Tiga Pelaku Pengeroyokan Honorer Kaur, Ditangkap

0
666
Foto doc. tribratanewsbengkulu.com

Kamis, 23 Agustus 2018
PEWARTA : HERMAN

Foto : doc. tribratanewsbengkulu.com

KAUR – Tiga pemuda berinisial BU (20), ME (20), warga Desa Padang Binjai Kecamatan Kaur Tetap dan TO (18), warga Desa Jembatan II Kecamatan Kaur Selatan Kabupaten Kaur, terpaksa diamankan di ruang tahanan Mapolres Kaur.

Ketiga pemuda ini diamankan polisi lantaran melakukan pengeroyokan terhadap honorer bernama Al Iqman Nur (29), warga Muara Tetap, dan penganiyaan terhadap Nando Sepda Noprianta (17), warga Desa Sinar Pagi Kecamatan Kaur Selatan, Selasa (21/8).

“Ketiga pelaku ini kita amankan karena terlibat kasus pengeroyokan dan penganiayaan.

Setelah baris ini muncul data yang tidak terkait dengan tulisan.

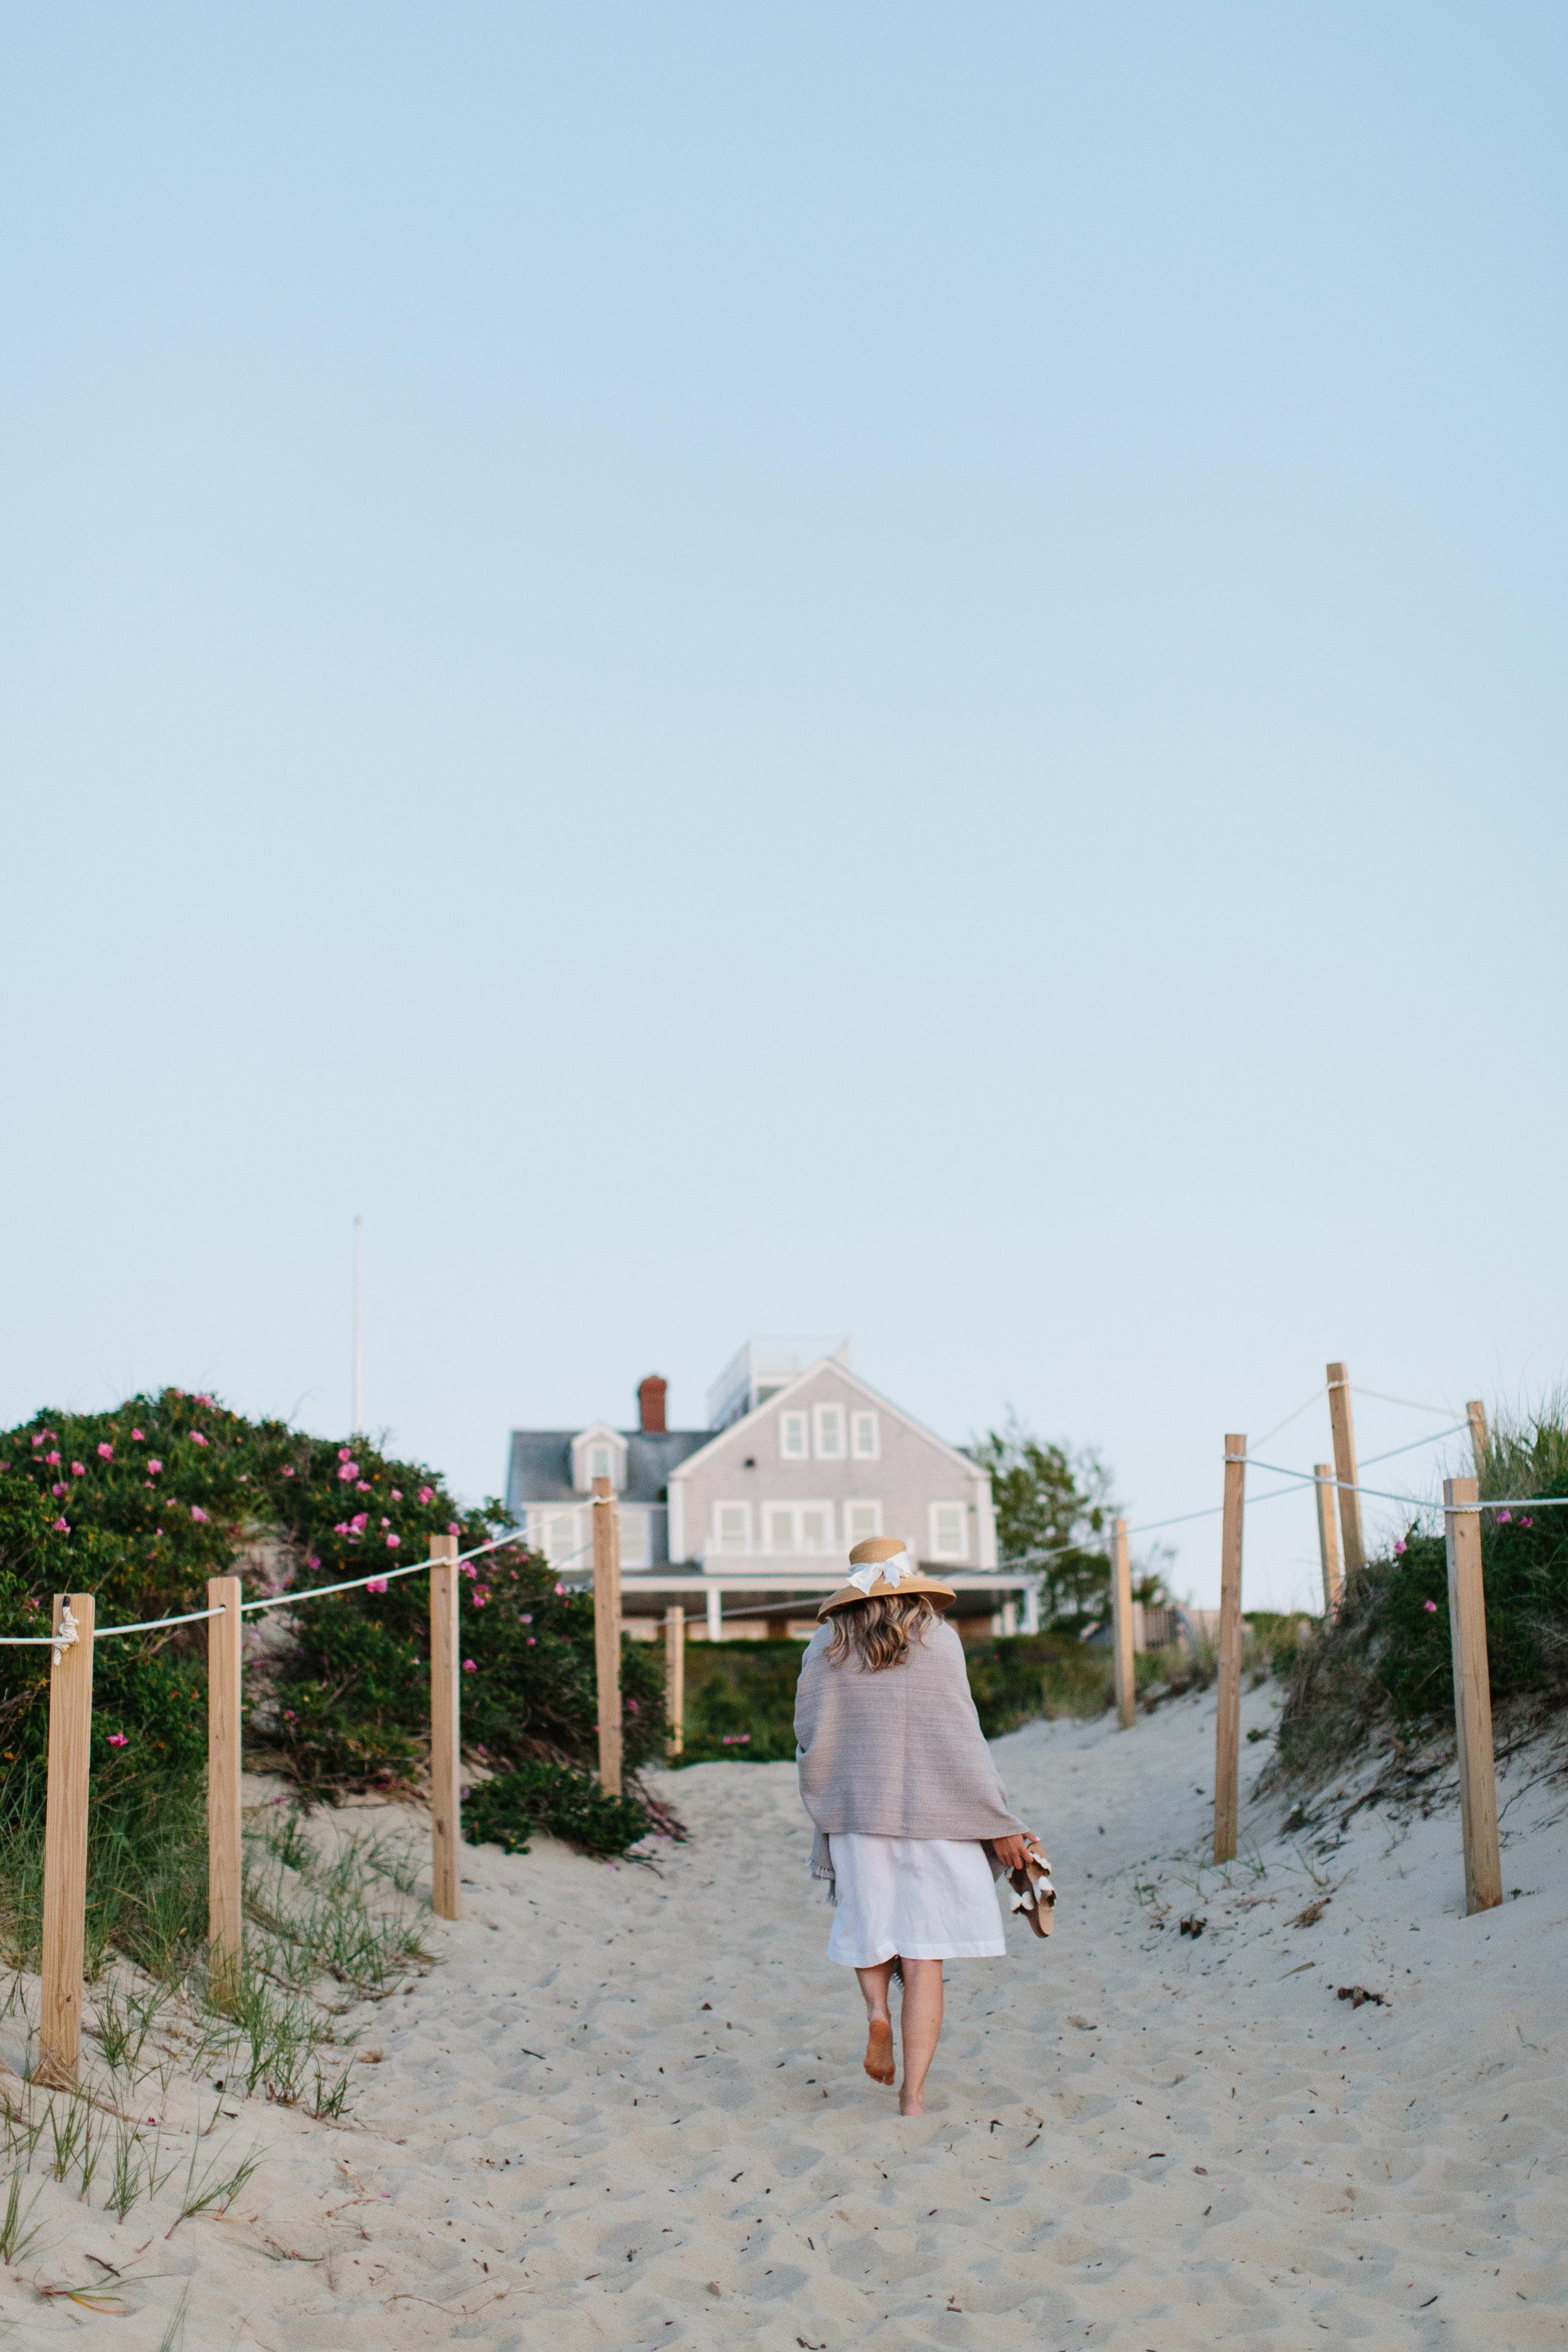 Nantucket Travel Guide New England Travel Blogger Abby Capalbo | Photography: Erin McGinn

Untuk dua pelaku BU dan ME itu kasus pengeroyokan, sedangkan TO ini kasus penganiyaan,” kata Kapolres Kaur AKBP Sisman Adi Pranoto SH SIK melalui Kasat Reskrim Iptu Welli Wanto Malau SIK, dirilis tribratanewsbengkulu, kemarin (22/8).

Dikatakan Kasat, untuk kedua pelaku BU dan ME diamankan Selasa (21/8) sekitar pukul 16.00 WIB dikediamannya masing-masing. Kedua pelaku diamankan berdasarkan laporan korban Al Iqman Nur yang sehari-hari bekerja sebagai honorer ini mengaku telah menjadi korban pengeroyokan terhadap kedua pelaku.

Dimana pengeroyokan dialami korban ini terjadi Senin (20/8) sekitar pukul 16.00 WIB di desa Padang Binjai, berawal dari tim pelaku desa Padang Binjai dan tim korban SMP 21 bertanding futsal di Kecamatan Tetap dalam rangka memperingati HUT RI Ke-73, namun selang lima menit pertandingan korban menendang kaki pelaku ME sehingga menyebabkan pelaku terjatuh, lantaran tak terima pelaku ME berdiri langsung mencekik leher dan menendang pinggang korban, dan pada saat itu pelaku BU memegang leher korban dari belakang kemudian lerai para penonton.

Atas kejadian itu korban mengalami luka memar, tak terima atas perbuatan pelaku itu, korban akhirnya melaporkan pelaku ke polisi. Setelah menerima laporan itu polisi langsung mengamankan pelaku. “Untuk penyebab pengeroyokan ini karena tertendang saat main bola futsal, dan saat ini kedua pelaku masih dalam pemeriksaan itensif kita dan jika terbukti akan kita proses dengan hukum yang berlaku,” terang Kasat.

Sementara itu, TO yang masih bersetatus pelajar kelas tiga SMK ini diamanan Polisi lantaran melakukan penganiayaan terhadap rekan sekolahnya Nando Sepda. Penganiyaan ini terjadi Senin (20/8) sekitar pukul 16.00 WIB dilapangan Merdeka Kota Bintuhan.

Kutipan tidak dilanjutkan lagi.